Холодно, зима, и надо возвращаться.
Бабочки вокруг лампы теперь не летают: уснули где-то до весны.
Холодно, но мы с мамой все стоим, и она рассеянно смотрит на поезда. И говорит:
– Папа-то давно писал?
– Давно… – говорю я.
– И мне давно, – вздыхает мама. – Я вот думаю: может, надо было согласиться, сразу с ним уехать?
– Ну а чего он? – сержусь я. – Сам сказал, что без нас не поедет, а сам…
– Ну сказать много чего можно. У него там – дело, люди… Не мог же он их совсем бросить.
– А нас мог?
– Ну и нас не бросил, – говорит мама. – Мы же пообещали, что приедем, он только с таким условием и улетел…
– Да что ты, мама, – говорю я. – Это же наша станция. Куда ж мы отсюда? И Лайка куда бы? В Америку, что ли, тоже?
– Разобрались бы… – неуверенно отвечает мама.
– Нет-нет, все правильно, мам, – стараюсь я говорить как можно убедительней. – Вон, смотри, кто идет!
А это идут Витя Свешников с мамой. Веселые, улыбаются, кивнули нам радостно.
– Ну вот, – говорю я. – Куда мы от Вити, от поездов, этой женщины из громкоговорителя… От этого всего… От нашего снега… От нашего дома… От наших елок… Куда мы?
– Да… – вздыхает мама.
А женщина из громкоговорителя все повторяет: «Внимание, на первой платформе…», «Внимание, от второго пути…». И я вспоминаю анекдот, как раз Витя мне рассказывал.
– Мам, хочешь анекдот?
– Давай…
– На вокзале объявляют: «Граждане пассажиры! Поезд на Воркутю уходит с первого путю! Ха-ха, я шутю: поезд на Воркутю уходит со второго путю! Ха-ха, я снова шутю: поезд на Воркутю уходит с третьего путю… Ой, граждане пассажиры, пока я тут с вами шутю, поезд на Воркутю – давно тю-тю!»
Мама смеется.
– Воркута… – говорит мама. – Прадед твой там сидел. Мой дедушка.
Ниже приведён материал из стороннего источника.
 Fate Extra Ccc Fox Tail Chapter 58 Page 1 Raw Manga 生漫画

– В смысле – сидел? – спрашиваю я.
– Ну, во времена репрессий… В тюрьме…
– За что?
– Он сам не знал за что… Тогда многие не знали… Дом-то наш – это же ему дали потом… Не центр там, не Москву и прочее, а вот такой вот домик на станции – подальше от столиц… Тогда многим бывшим репрессированным запрещалось жить в столицах, вот и селили по окраинам…
Мы молчим. Смотрим на поезда. Думаю про прадедушку – маминого деда, – которого видел, конечно, только на фото. Про то, как он сидел в далекой Воркуте… Там всегда холодно и, наверное, по улицам ходят белые медведи.
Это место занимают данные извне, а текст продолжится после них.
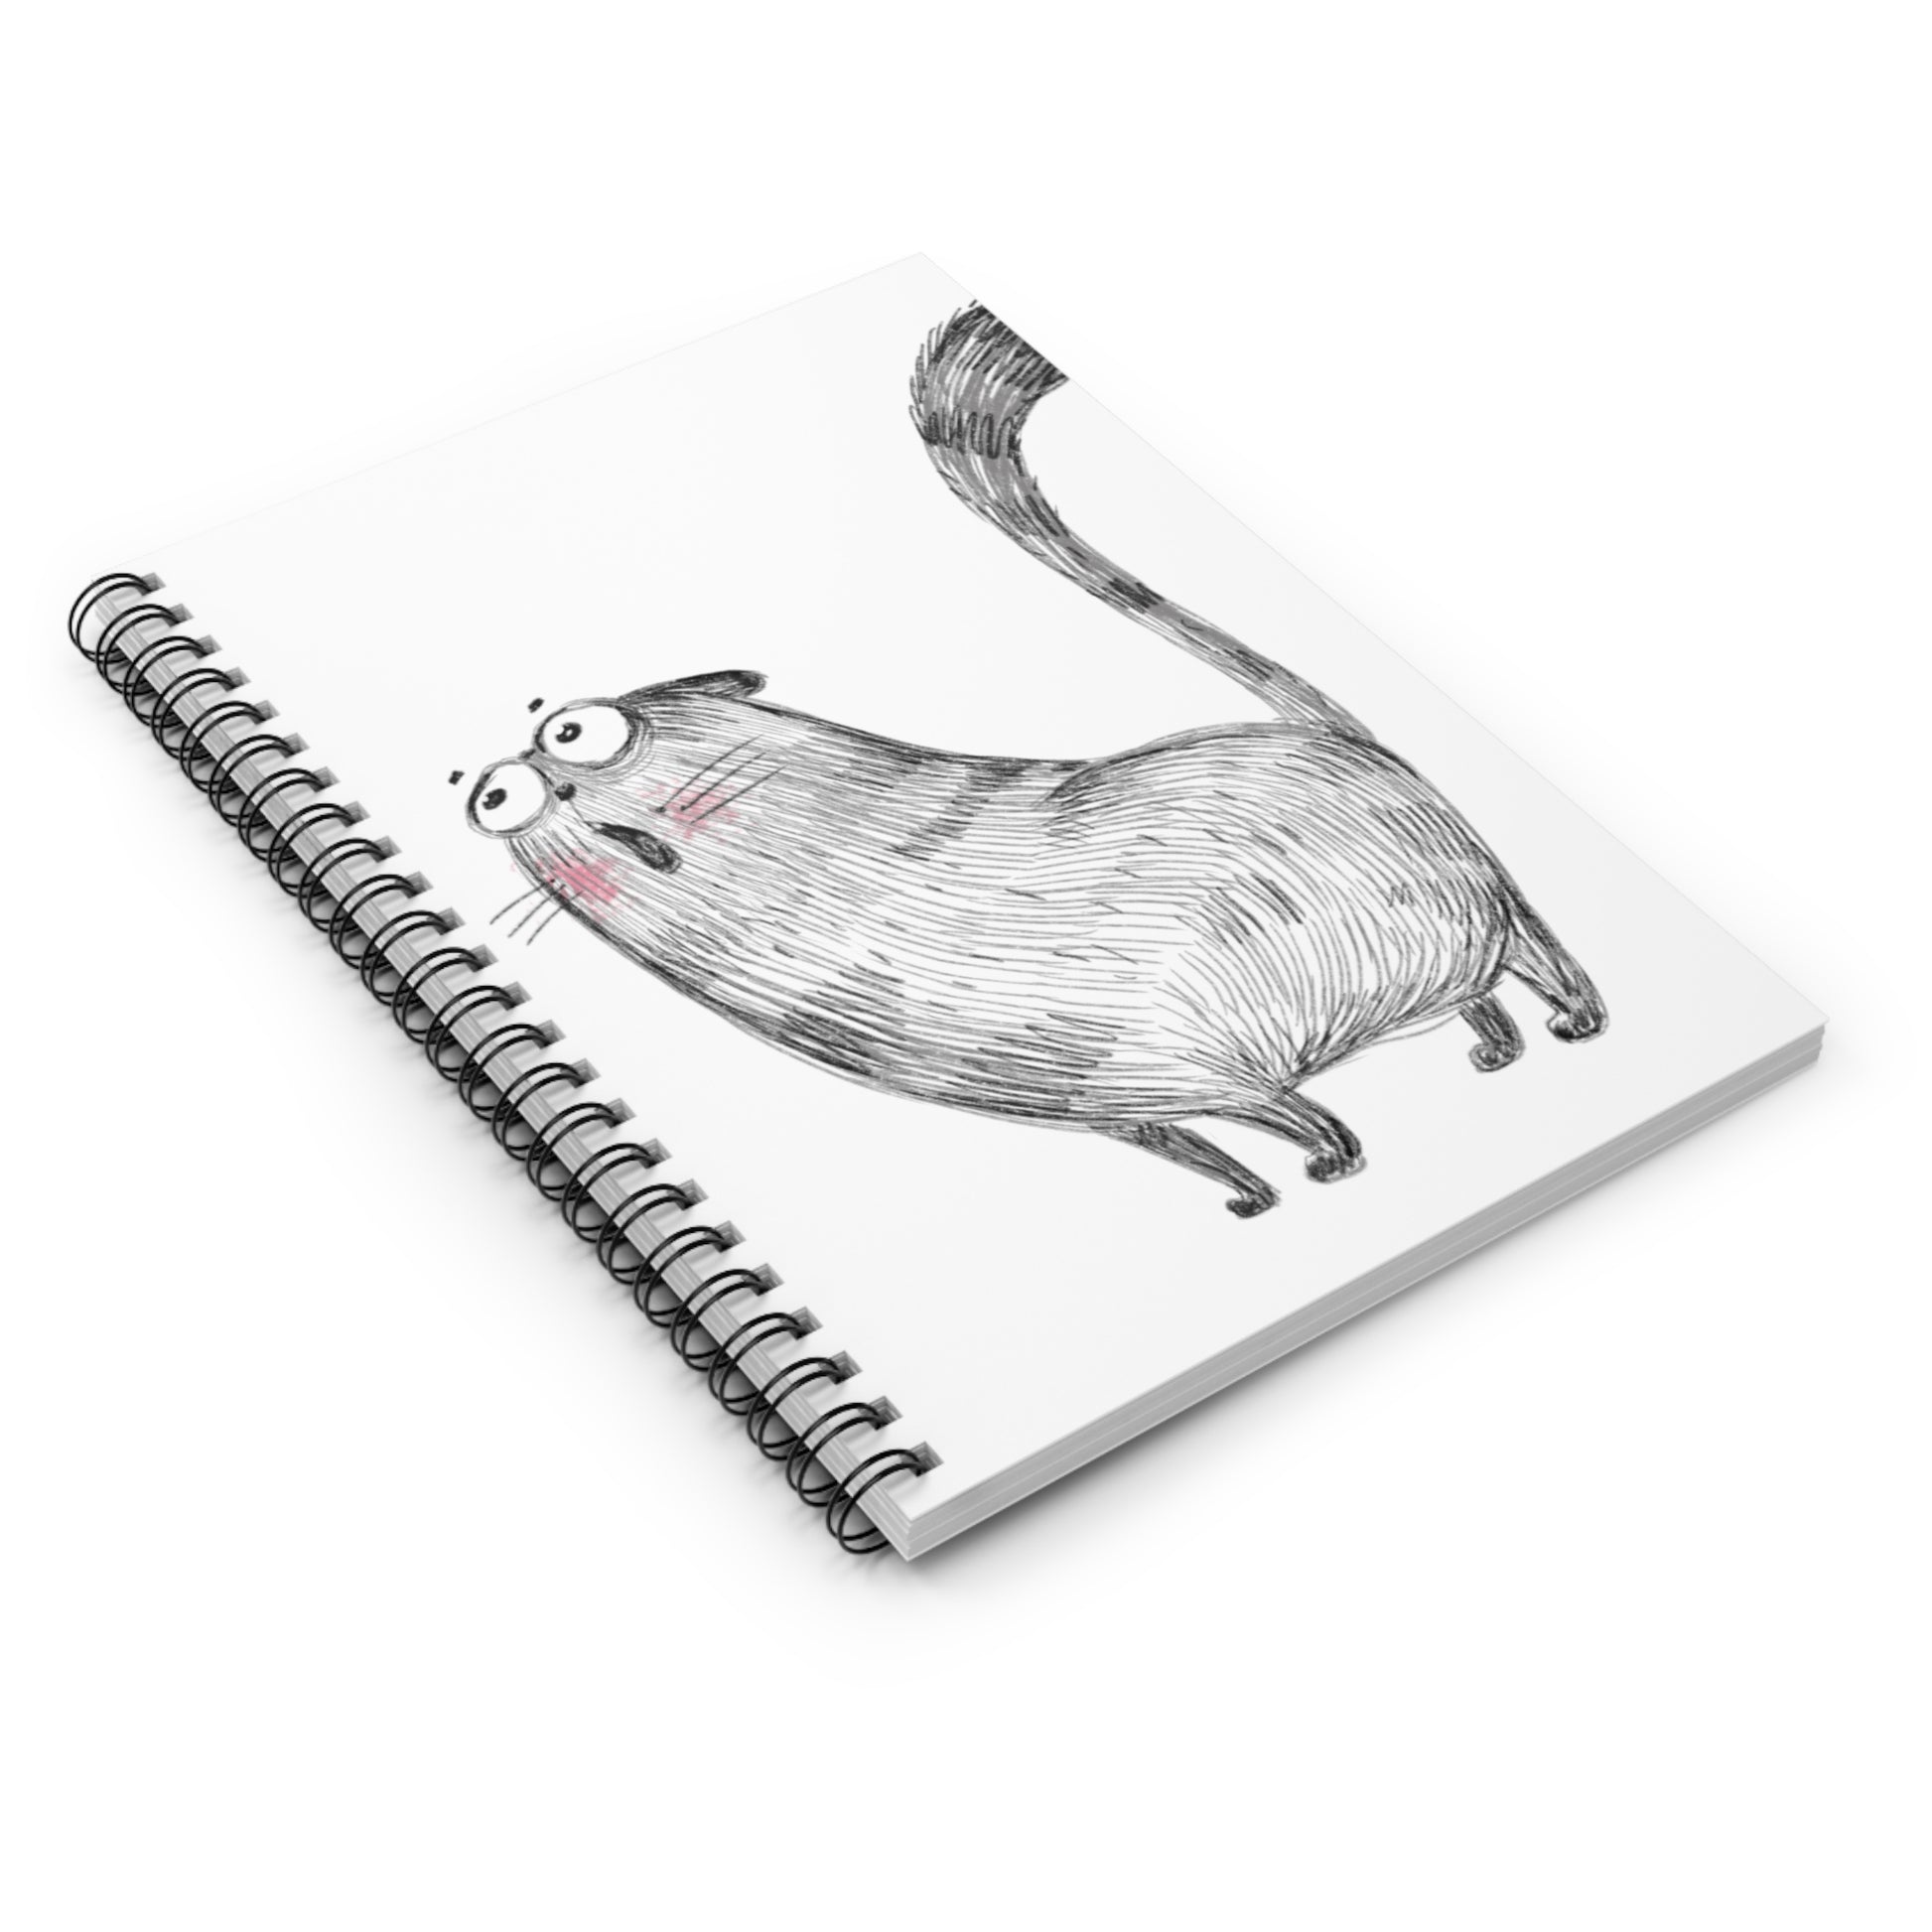 But I Don't Need to go to the Vet: Spiral Notebook - Log Books - Journals - Diaries - and More Custom Printed by TheGlassyLass

И почему-то вдруг вспоминается рассказ тети Жени про озеро Киово и про кричащих чаек и как они с Игорем Яковлевичем в медовый месяц там стояли и он ее обнимал…
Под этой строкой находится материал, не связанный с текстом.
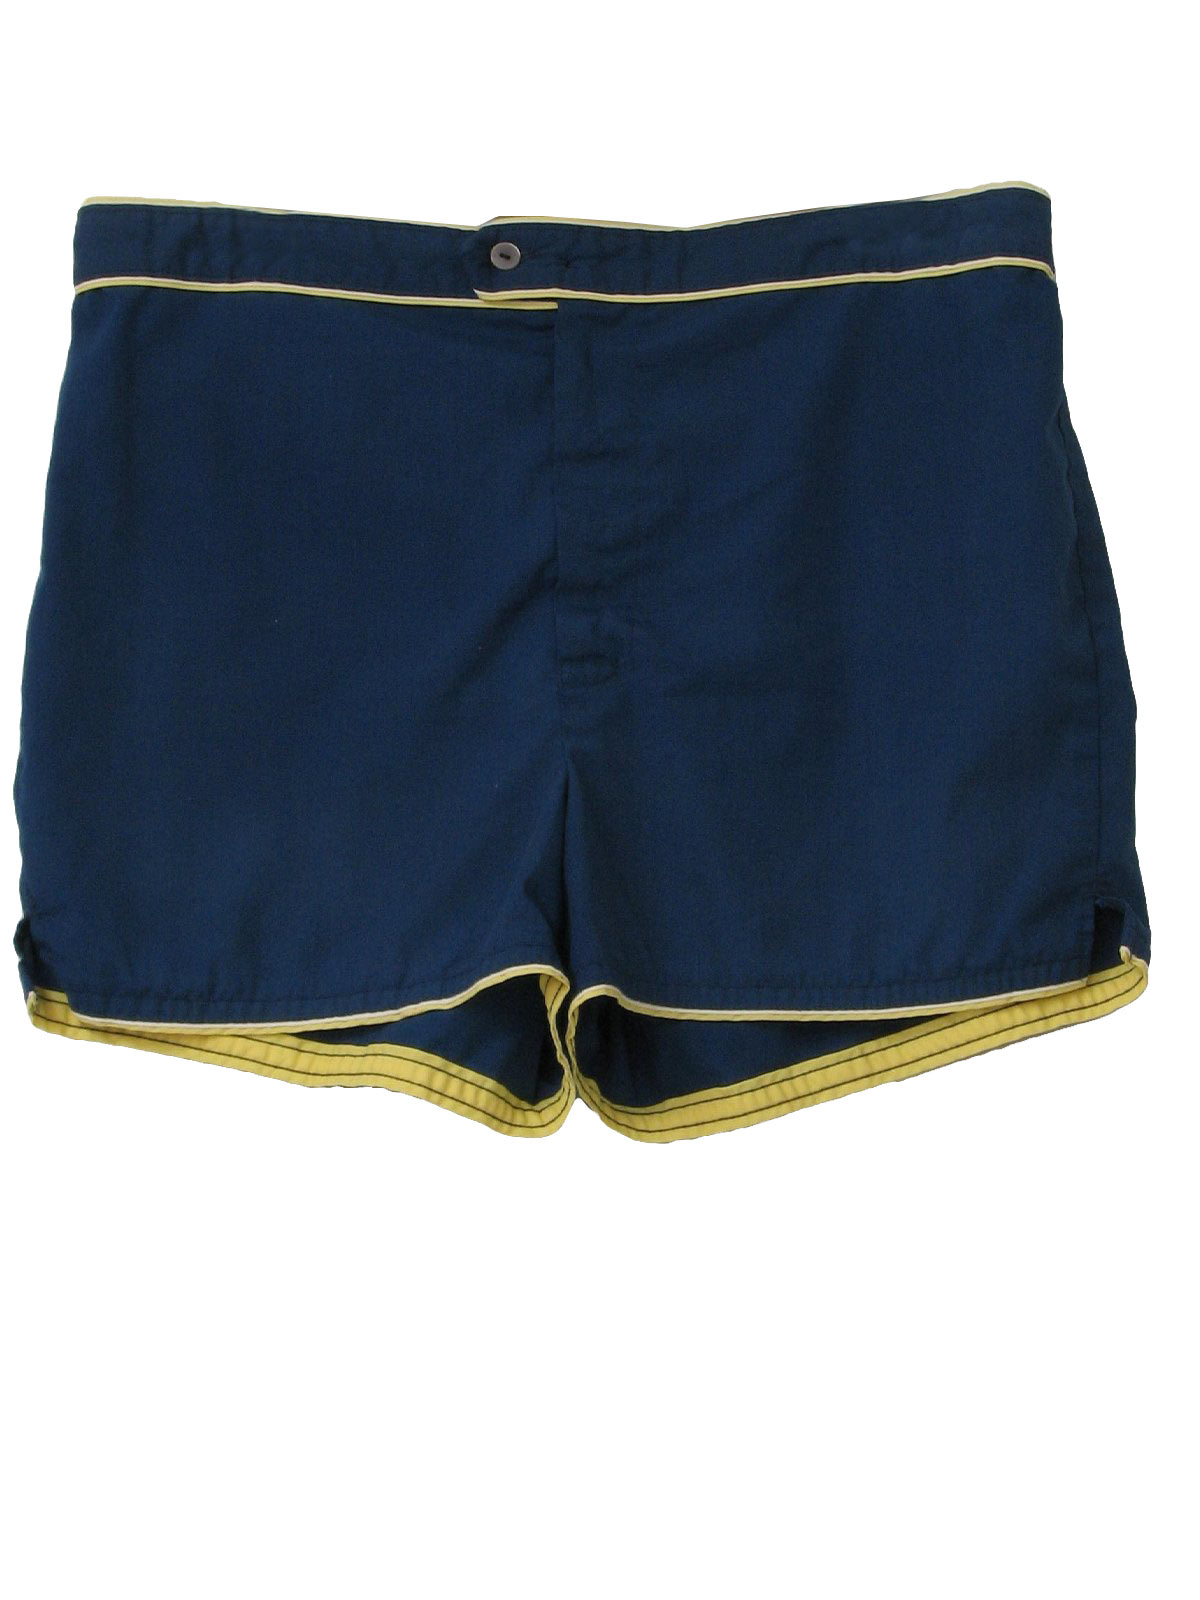 1970s Shorts: 70s -no label- Mens navy blue, yellow and white cotton ...

И думаю: какой этот мир большой, и ужасный, и прекрасный одновременно, и как это все сложно… Вот Воркута, с ее вечными морозами и медведями, а вот – озеро Киово, теплое и с чайками… А вот наша станция, уютная и родная, но такая далекая от всего… А еще есть Америка. Там живет папа-Чесноков. Живет, и пишет мне всё реже. Потому что дел много и потому что мир слишком большой и людей слишком много в нем, чтобы обо всех всегда помнить. Даже о родных.
– Пойдем, – говорит мама. – Даже Лайк замерз. Пойдем пить чай с шоколадным сыром.
– Мам, вы идите с Лайком, я еще пять минуточек, и приду… – Мне кажется, я почти додумал какую-то мысль, и – страшно, что забуду…
Мама обнимает меня, Лайк обслюнявливает, и оба уходят в дом.
А я стою, смотрю, слушаю и наконец понимаю: наша станция – это и есть мир. Поезда туда-сюда – это просто проходящая мимо жизнь, в которой люди, обычные люди, проносятся туда-сюда, и больше никогда их не увидишь, но которые – как и я, как и все мы, – живут. Где-то в своих других мирах, со своими проблемами, болезнями, радостями и печалями…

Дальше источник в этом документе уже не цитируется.